Draghi who will replace Jean-Claude Trichet as president of the ECB on November 1st, said that these measures will be temporary, and it is the duty of the governments to eliminate the causes of the sovereign debt crisis, which was sparked by Greece two years ago. Its statement seems to reject the requests coming from the German Central Bank, Bundesbank, for the ECB to end the sovereign bond purchase program, which led to the resignations of two high ranking German officials from the ECB this year.

Germany obtained the removal of the phrase concerning the ECB from the press release of the summit

Germany obtained the elimination from the draft of the final press release of the Eurozone summit of a sentence by which the ECB was being asked to continue buying Spanihs and Italian sovereign bonds, a political source said. "This phrase was eliminated from the text which will be presented to the heads of state and of the governments from the monetary union at the summit discussing the sovereign debt crisis", the source said.

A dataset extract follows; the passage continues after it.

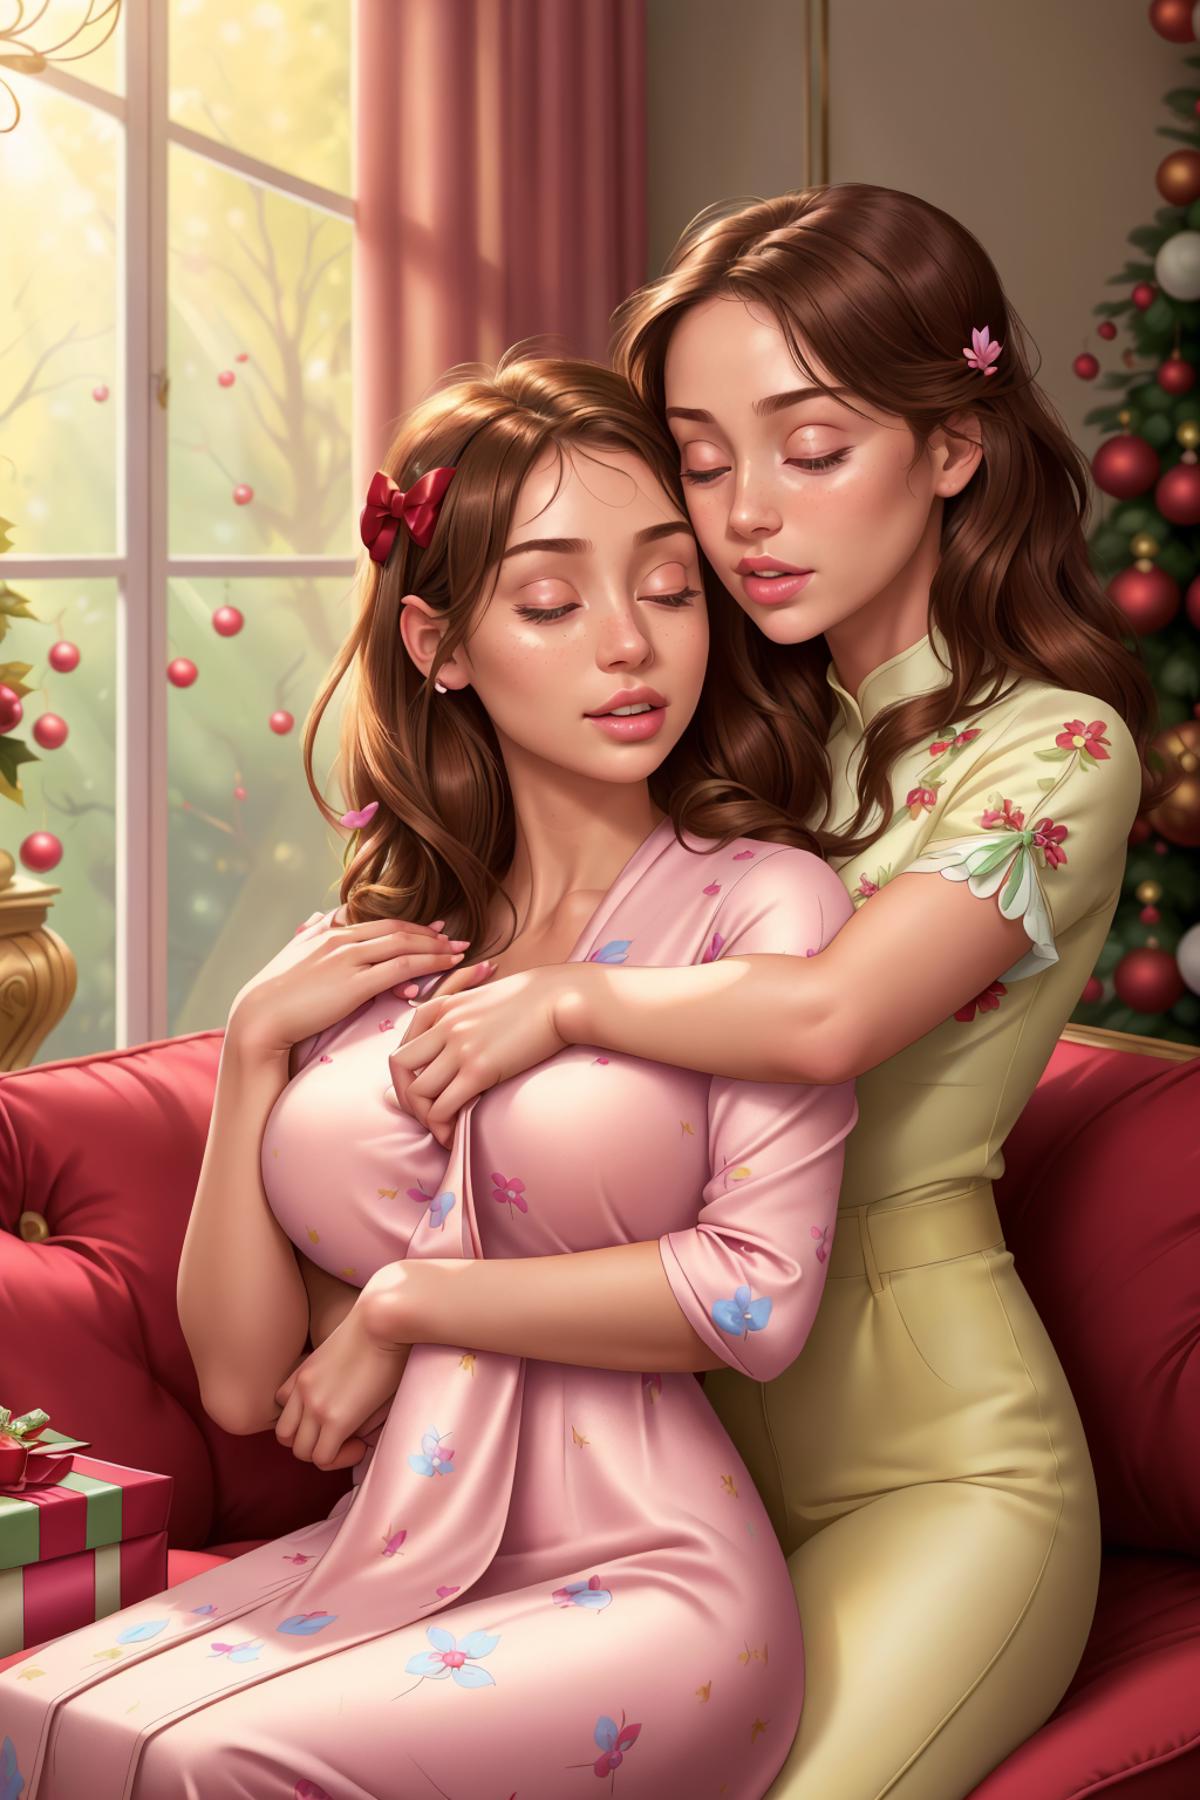 Two women in pajamas hugging in front of a Christmas tree.

In the initial version of the draft press release it was said that the leaders of the countries in the region fully support the actions of the ECB to ensure price stability in the Eurozone, including the non-conventional measures taken under the current extraordinary market circumstances.

The term "non-conventional measures" refers in particular to the policy of the ECB to buy bonds of the troubled European countries, in order to stem the rise in their yields.

The ECB used these measures to support Italy and Spain in August.

Several countries, including France, as well as the European Commission, claim that the ECB should continue the acquisitions of bonds, after Italian Mario Draghi will take over the presidency of the ECB from Jean-Claude Trichet, starting on November 1st.

German chancellor Angela Merkel viewed the phrase as an interference of the European leaders in the policies of the ECB and asked for the paragraph, to honor the independence of the institution.